### Exercise objective
Exclude all pictures, then restate the entries below word for word.

(Stored dataset items)
= Beginning of Section =

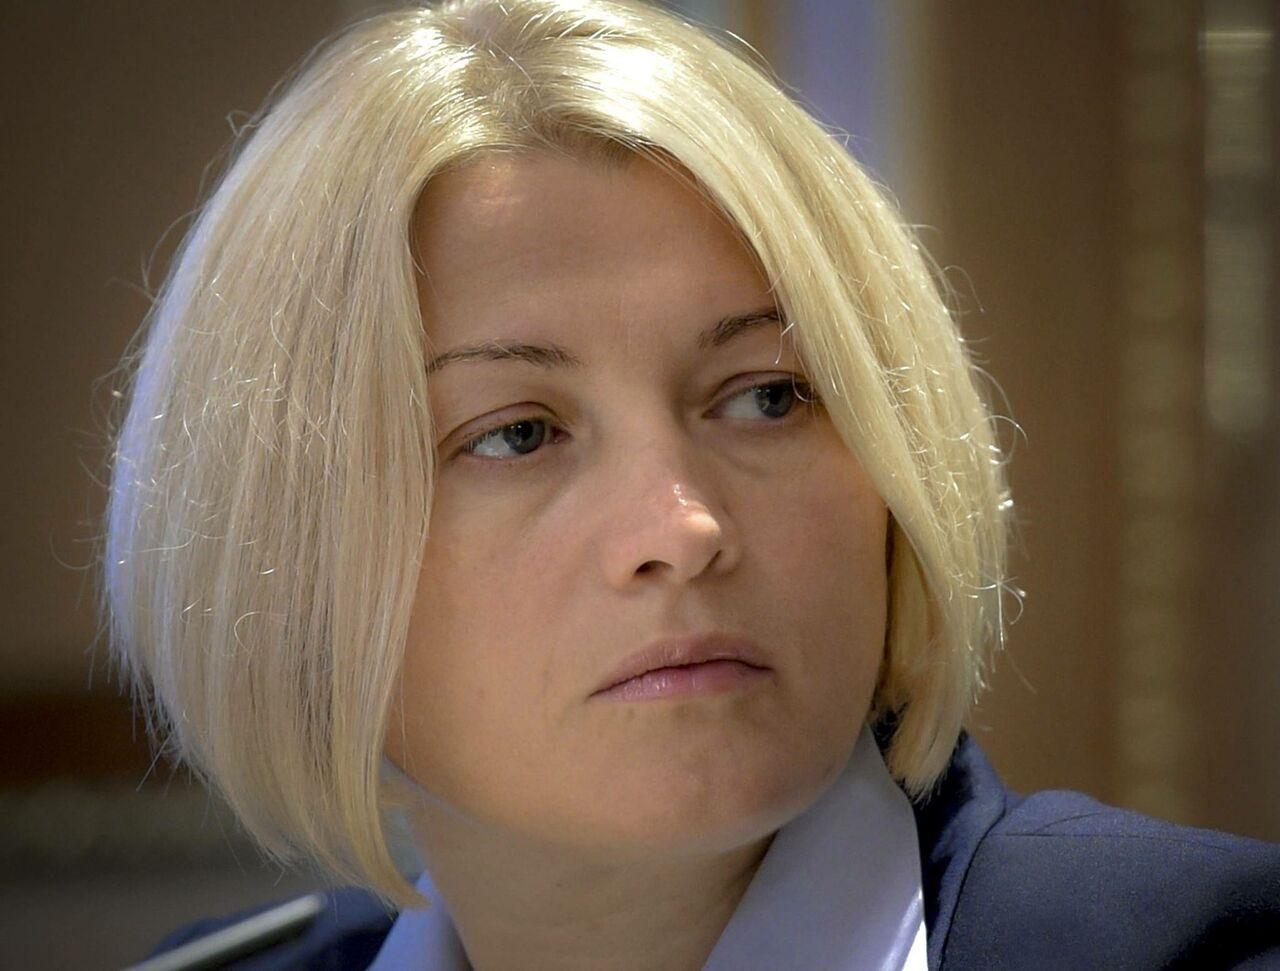 Украина требует от Российской Федерации 30 тыс. краденных вагонов
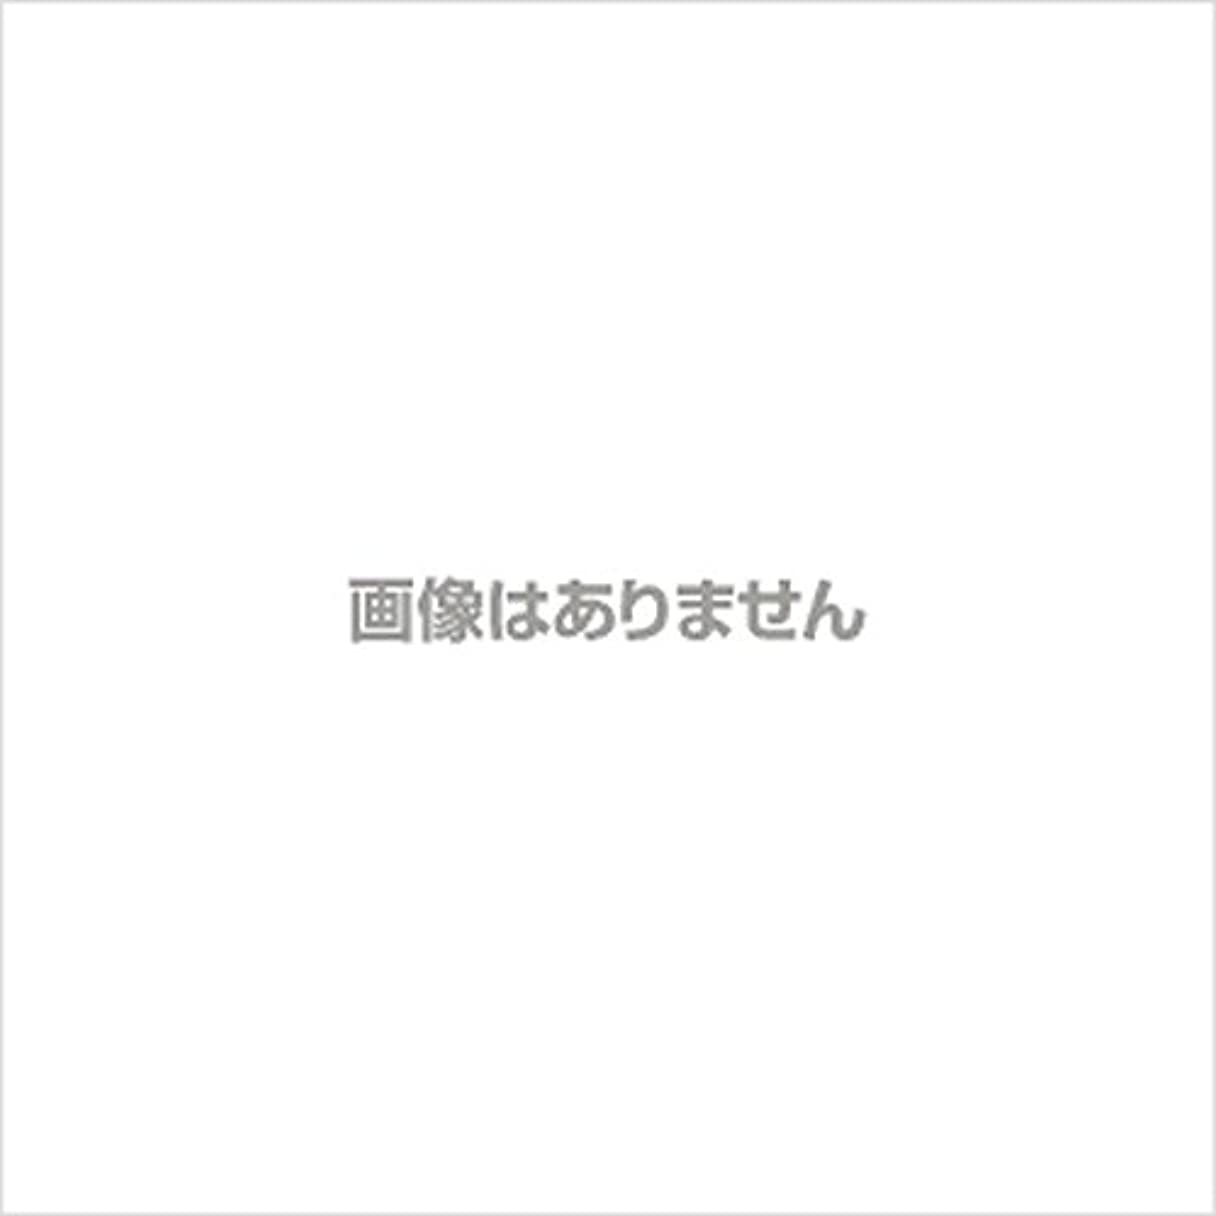 麦芽見込みイタリックニュージャスト ヘルパーグローブ L(500枚入) 【商品コード】4010500
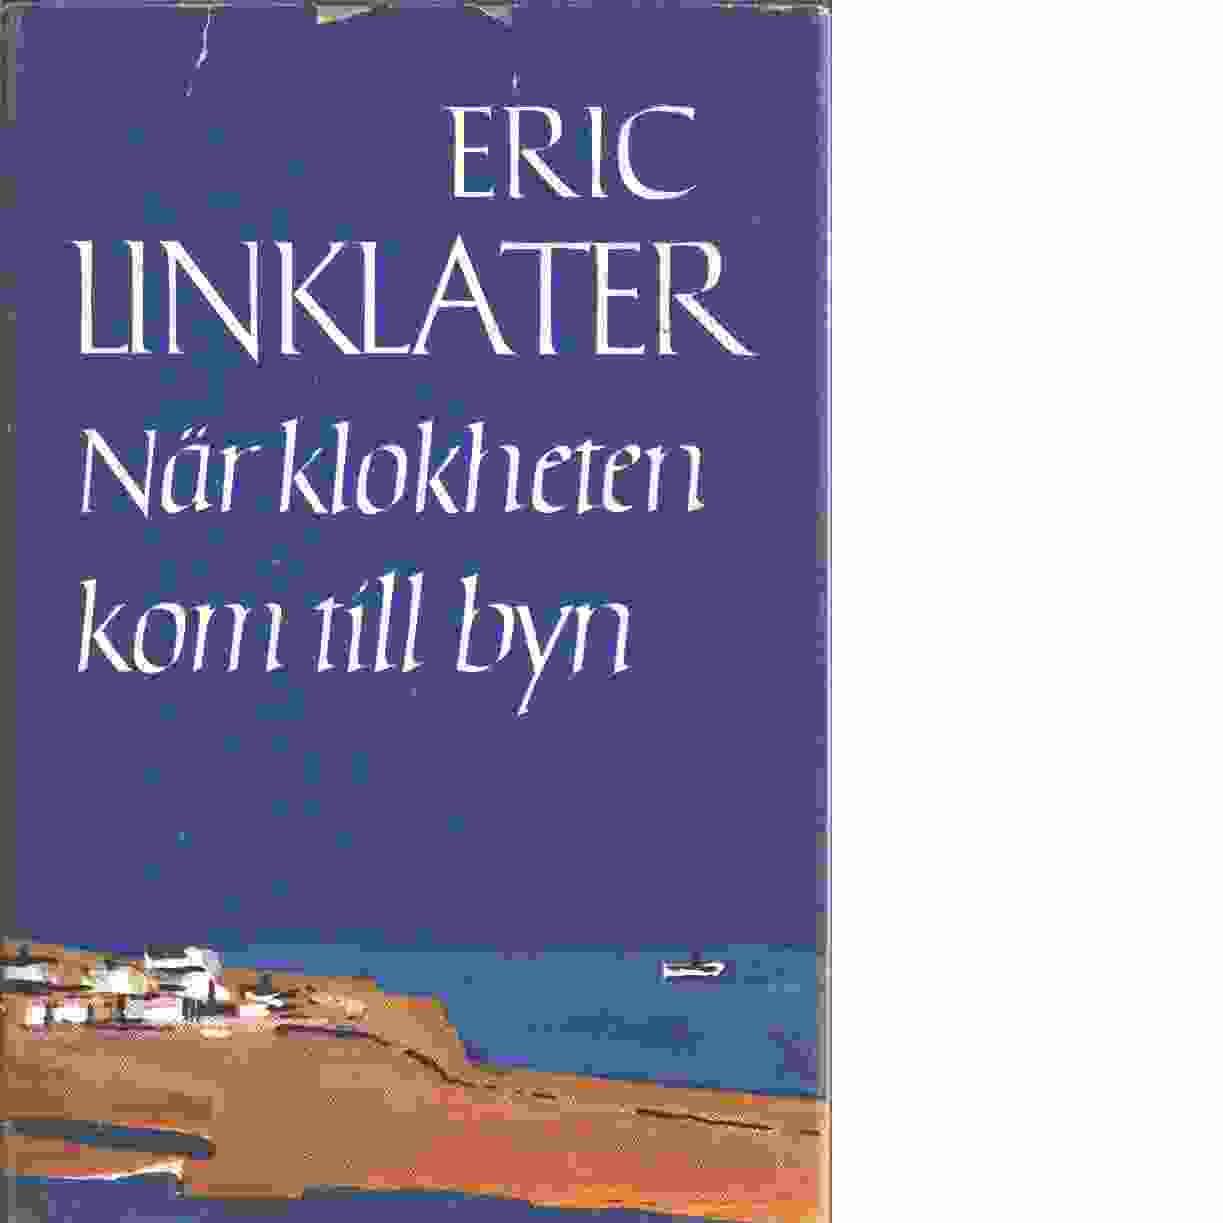 När klokheten kom till byn  - Linklater, Eric
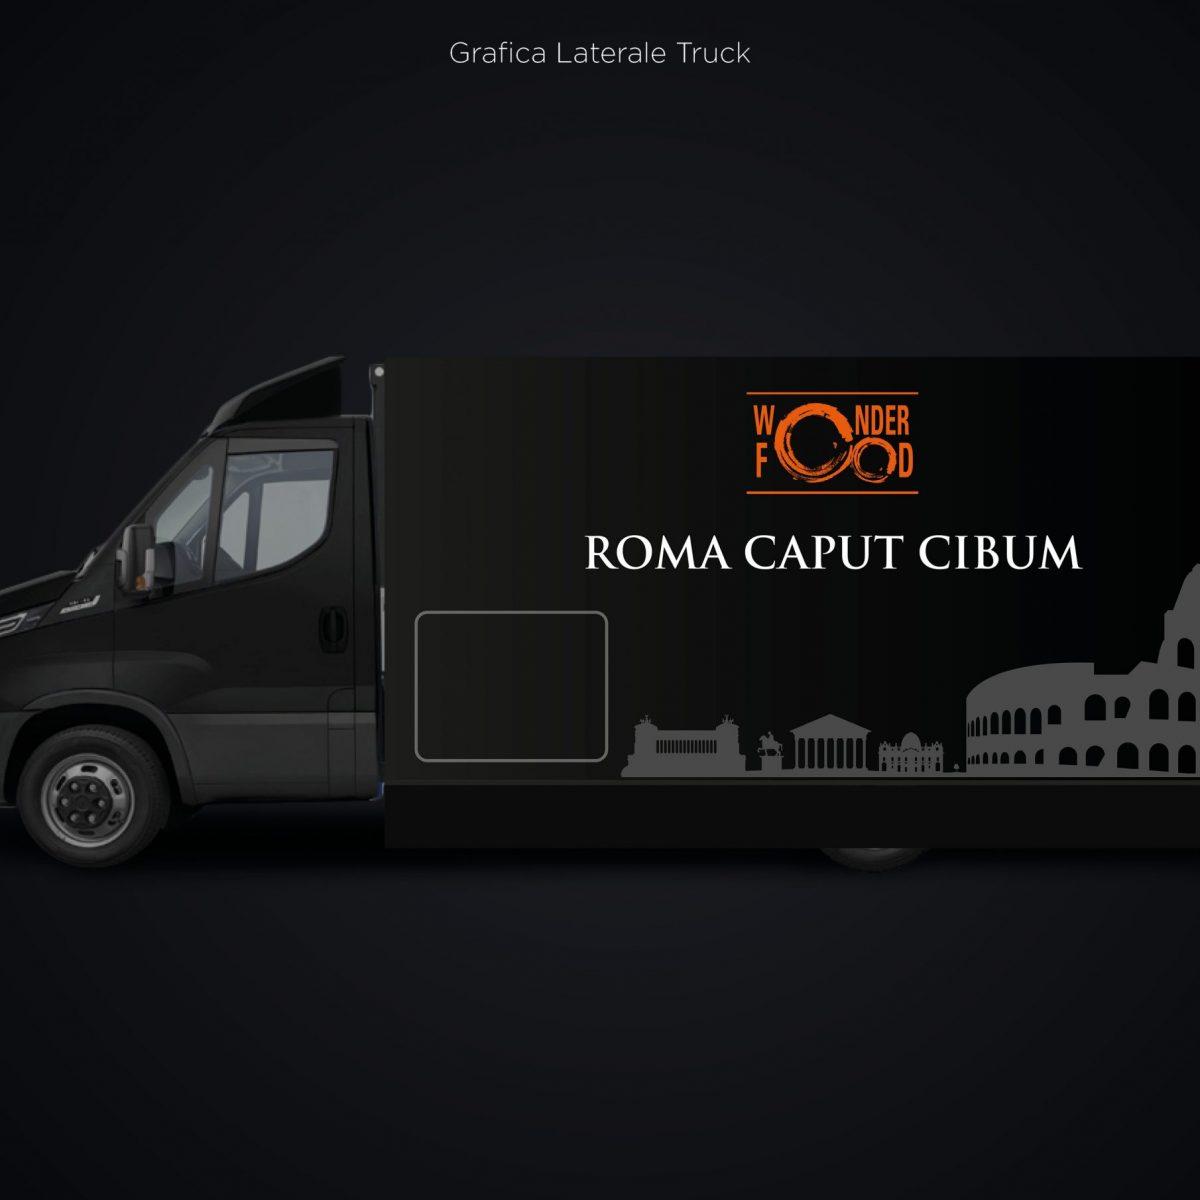 Lato Truck
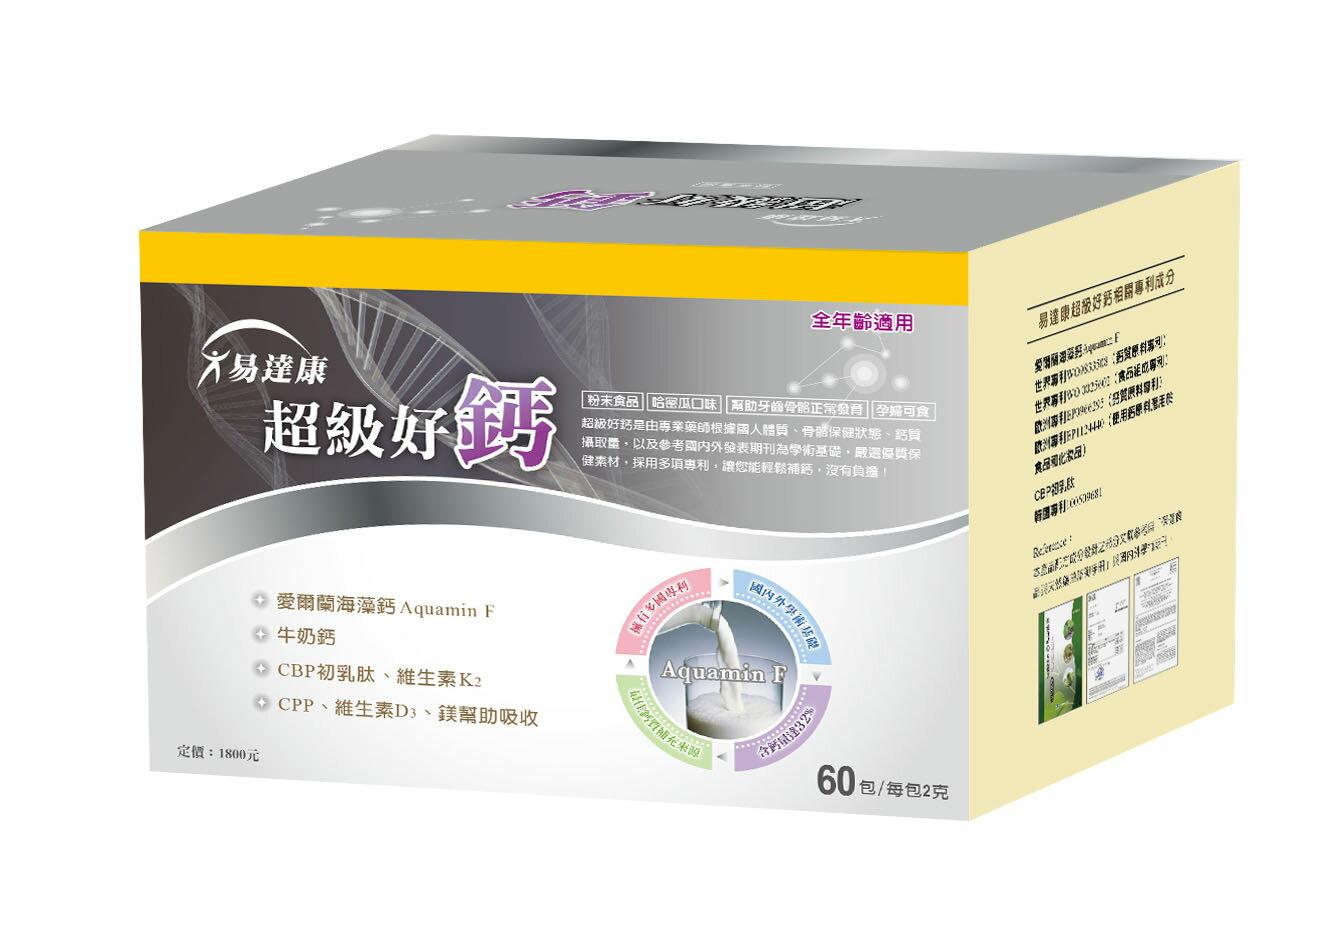 【安琪兒】台灣【易達康】超級好鈣*一盒(60入) 0

= End of Section =

### Solution for this task
 Украина требует от Российской Федерации 30 тыс. краденных вагонов
 麦芽見込みイタリックニュージャスト ヘルパーグローブ L(500枚入) 【商品コード】4010500
 När klokheten kom till byn  - Linklater, Eric
 Lato Truck
 【安琪兒】台灣【易達康】超級好鈣*一盒(60入) 0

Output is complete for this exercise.